If General Greene’s estimate of the total American loss was accurate, then between 1,160 and 1,260 Americans were killed or wounded in the battle of September 11, 1777. The British also captured 11 out of 14 of the American artillery guns.

Result

Although Howe had defeated the American army, the unexpected resistance he had met prevented him from destroying it completely. The American morale had not been destroyed; despite losing the battle, the Americans had good spirits hoping to fight the British again another day. But neither commander in the battle had proven themselves. Washington had committed a serious error in leaving his right flank wide open and nearly brought on destruction if it had not been for Sullivan, Sterling, and Stephen's divisions that fought for time.
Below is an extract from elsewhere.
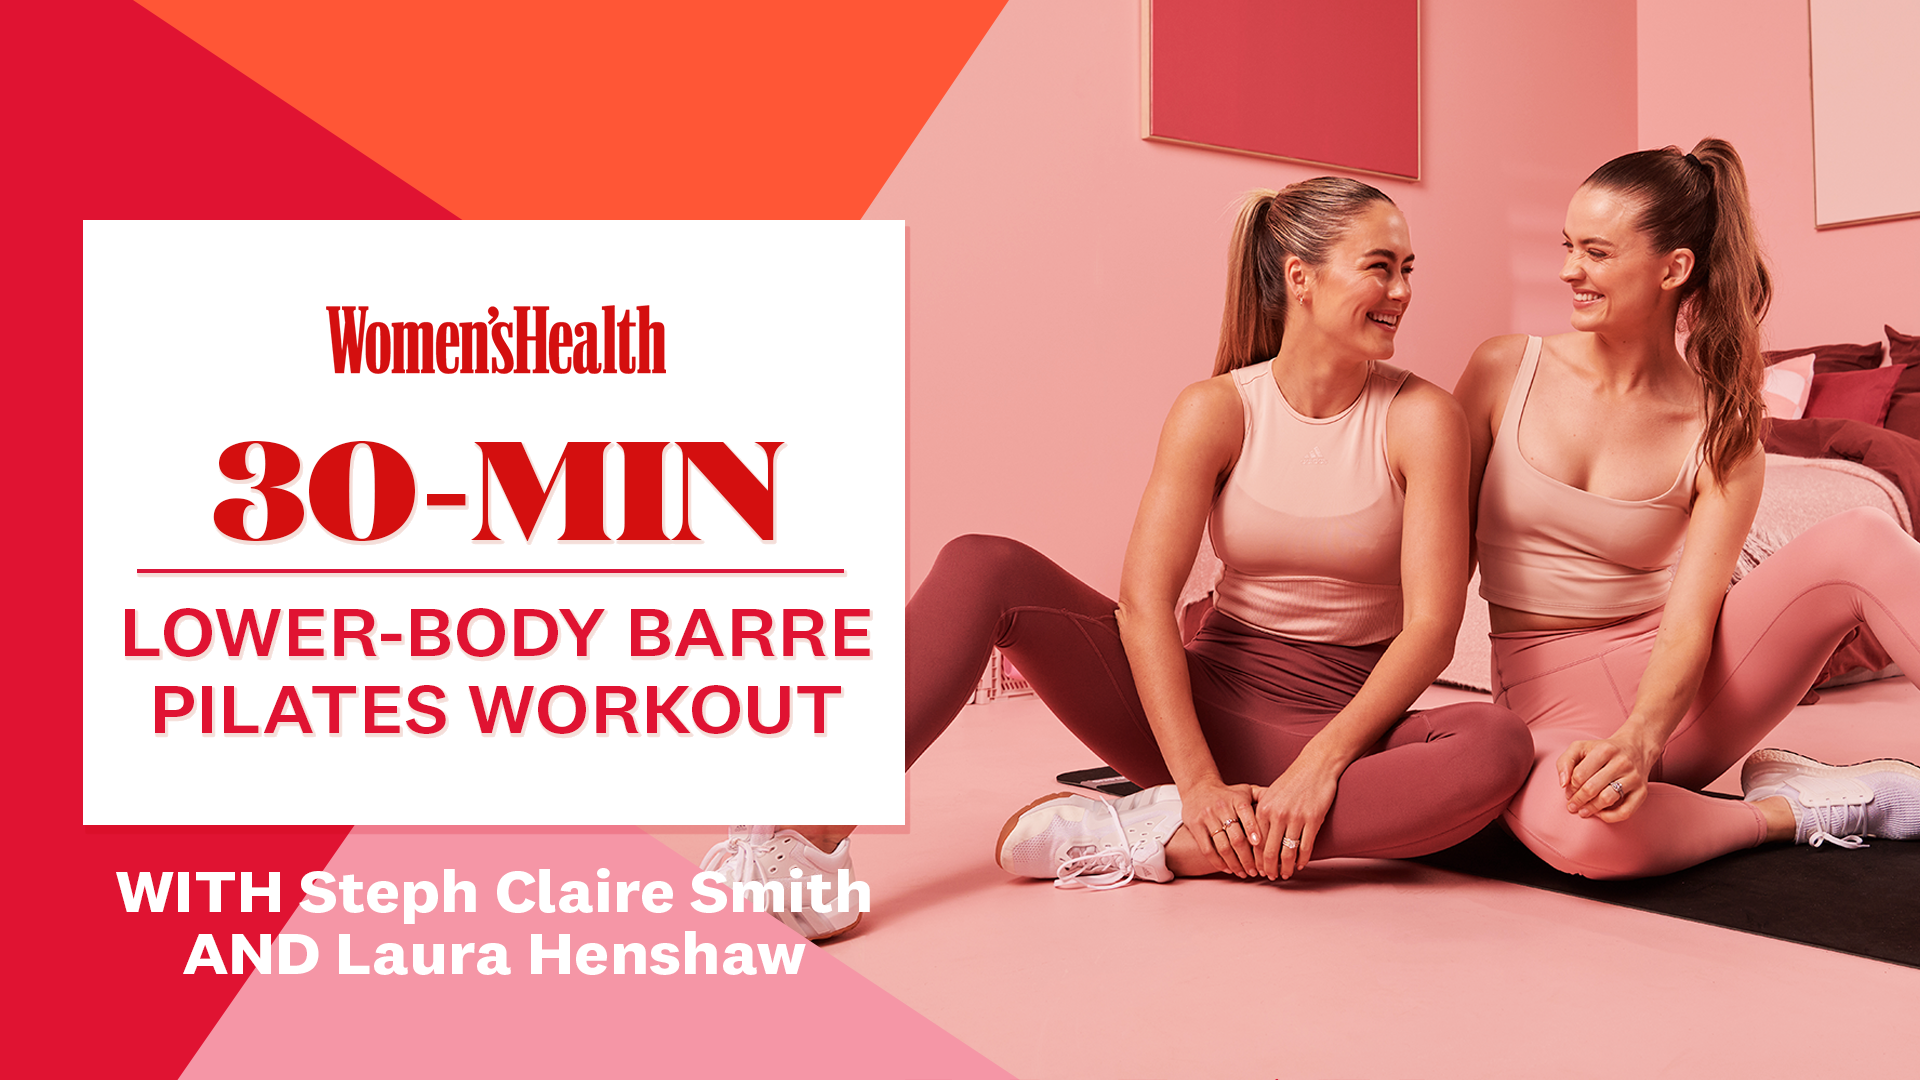 14-day Pilates challenge from Steph Claire Smith & Laura Henshaw

Howe had waited too long to attack the American right flank, showing again his lack of killer instincts because he was still afraid of sustaining heavy casualties since the costly victory at the Battle of Bunker Hill two years earlier, and thus allowed most of the American army to escape.

British and American forces maneuvered around each other for the next several days with only minor encounters such as the Paoli Massacre on the night of September 20-21.

The Continental Congress abandoned Philadelphia, first to Lancaster, Pennsylvania for one day and then to York, Pennsylvania. Military supplies were moved out of the city to Reading, Pennsylvania. On September 26, 1777, British forces marched into Philadelphia unopposed.